Будь этот жест еще в обычае, ваше преосвященство, я поцеловал бы землю. Но раз он ушел в прошлое, я просто распрямлю свои старые кости и встану, чтобы поприветствовать ваше появление так же, как это сделали почтенные братья.

Для меня большая честь, что вы, ваше преосвященство, вновь соблаговолили почтить нашу маленькую группу своим присутствием и уж тем более – услышать, как далеко вы продвинулись в изучении записей моего рассказа. Однако должен признаться, что некоторые вопросы, которые пытливо задает ваше преосвященство касательно уже изложенных мной ранее событий заставляют меня в смущении, даже в некотором стыде, опустить веки.

Да, ваше преосвященство, на протяжении всех тех лет взросления, о которых шла речь, я и моя сестра продолжали получать плотское удовольствие друг от друга. Да, ваше преосвященство, мы, конечно, понимали, что предаемся греху.

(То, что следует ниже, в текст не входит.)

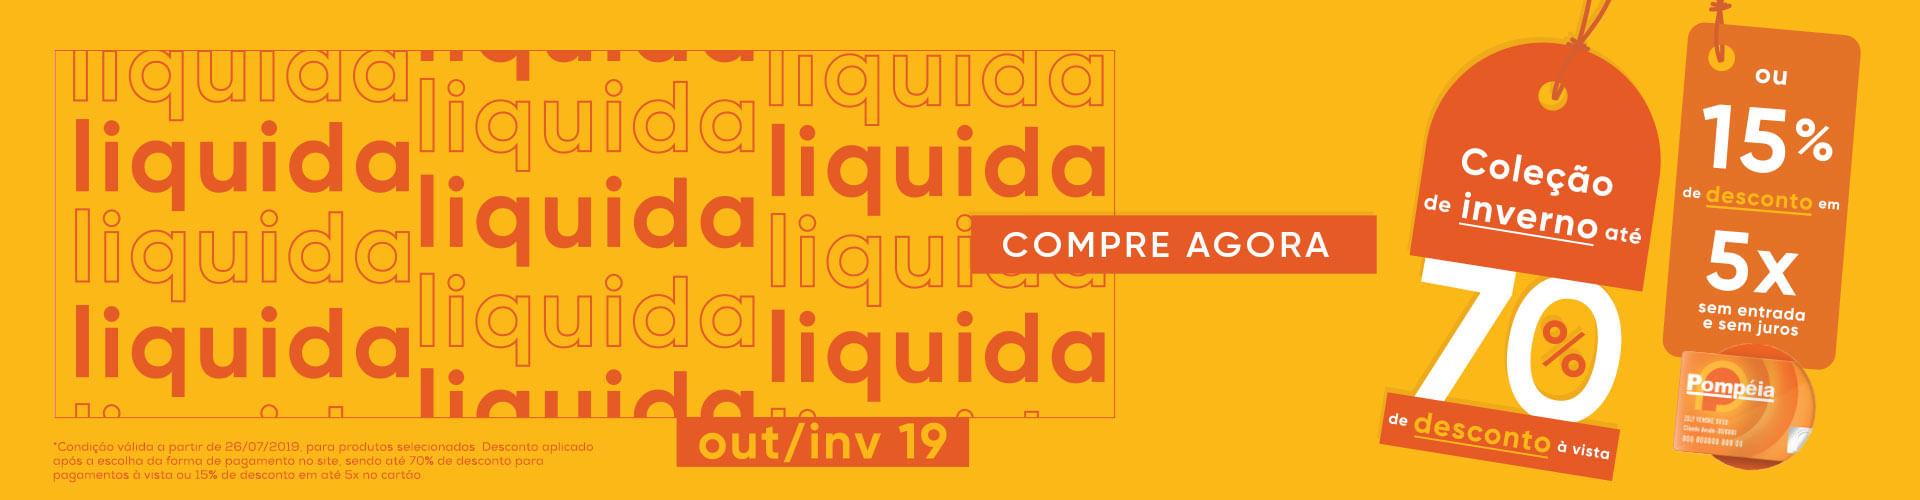 2b64ba3cbc Loja de Roupas: Moda Feminina, Masculina e Infantil - Lojas Pompéia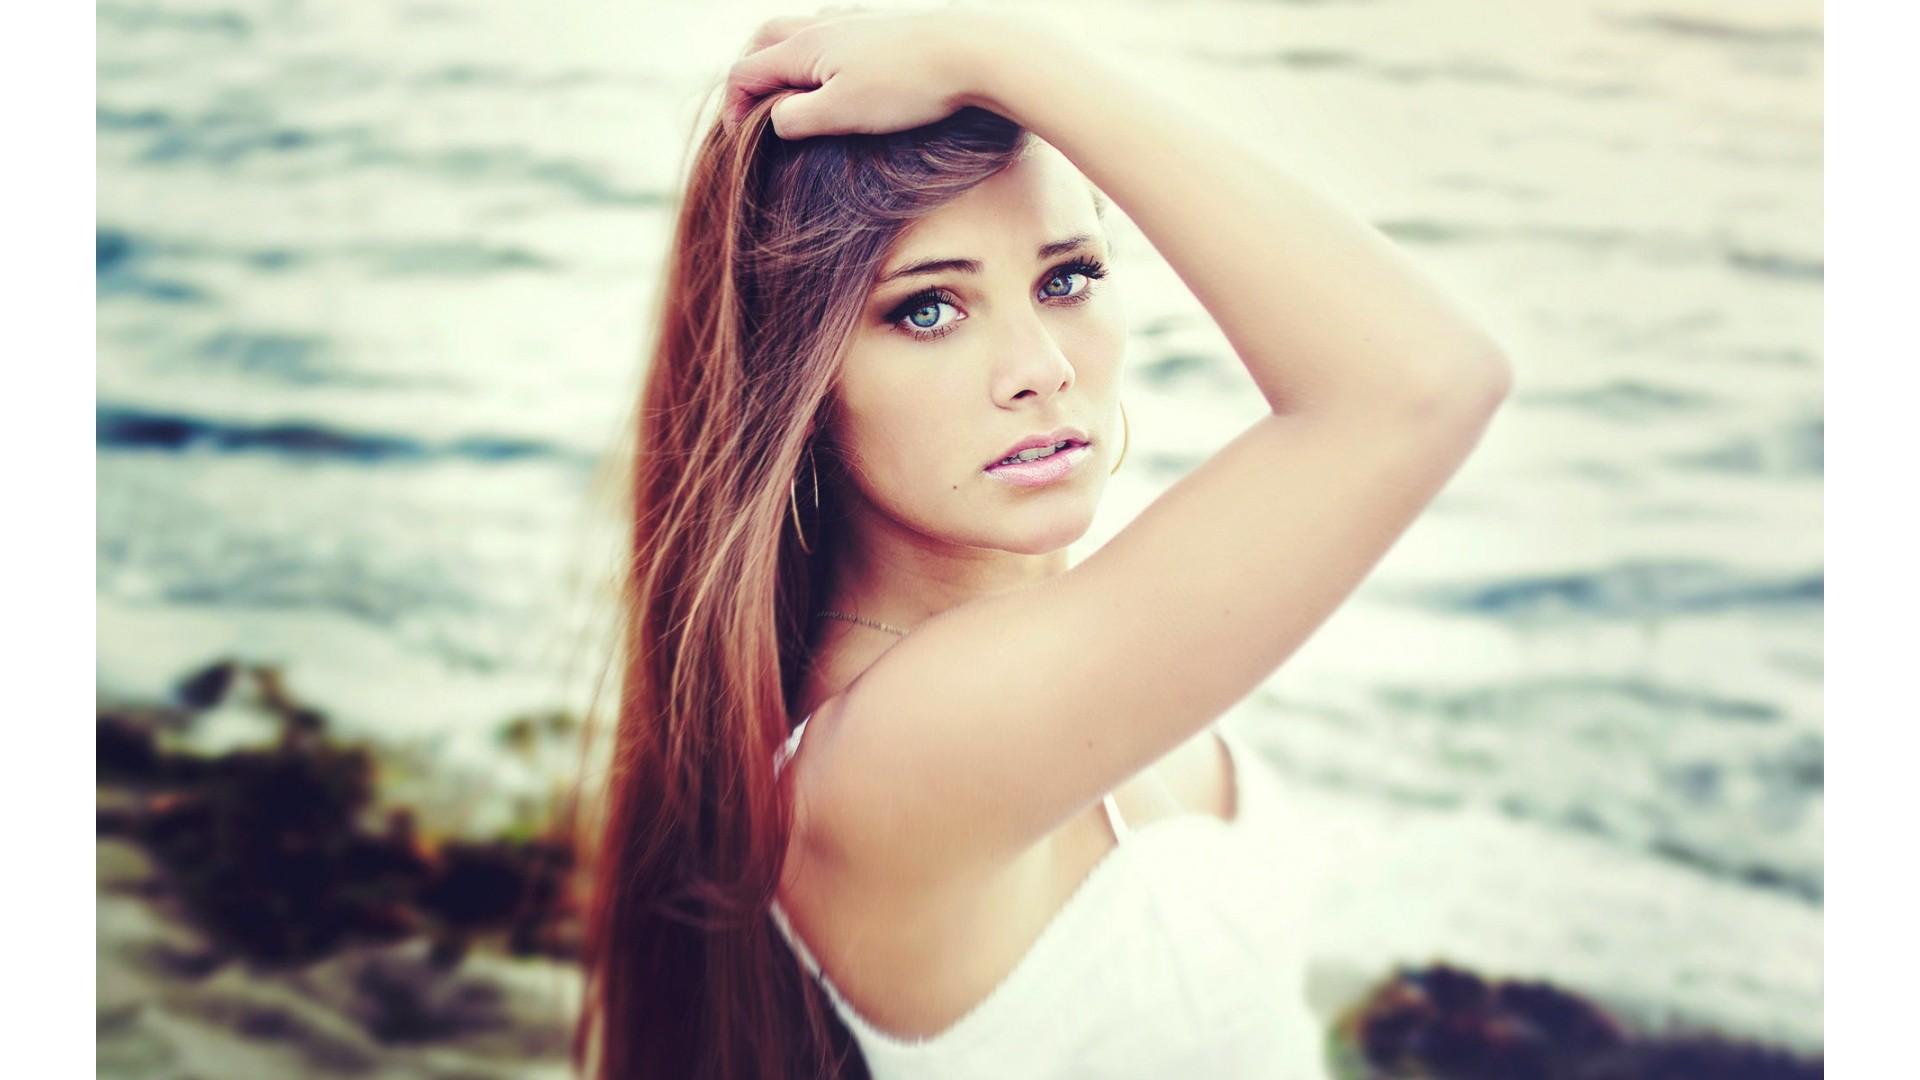 beautiful girls wallpapers tags beautiful woman pretty girl face close

Скорее всего, Тцитцитлини знала об этом с самого начала, но я был моложе и лишь со временем стал сознавать, что мы с ней занимаемся чем-то непозволительным. Потом, уже повзрослев, я понял, что наши женщины всегда узнавали о тайнах плоти раньше мужчин, и подозреваю, что то же самое справедливо по отношению к женщинам всех рас, включая и вашу, белую. Ибо похоже, что девицы повсюду склонны с малолетства шушукаться, пересказывая одна другой на ушко секреты, выведанные ими насчет своих и мужских тел, а равно и общаться со вдовами и старухами, которые – может быть, потому, что их собственные соки давно засохли, – радостно или злокозненно норовят наставлять молодых девушек в женских хитростях, уловках и обманах.

Я сожалею о том, что недостаточно пока сведущ в новой христианской религии, чтобы знать обо всех ее правилах и предписаниях на эту тему, хотя предполагаю, что она косо смотрит на любые соития, кроме производящихся венчанными супругами-христианами ради появления на свет христианских младенцев. Ведь даже у нас, язычников, существовало множество законов и огромное количество обычаев, ограничивавших эту сторону жизни.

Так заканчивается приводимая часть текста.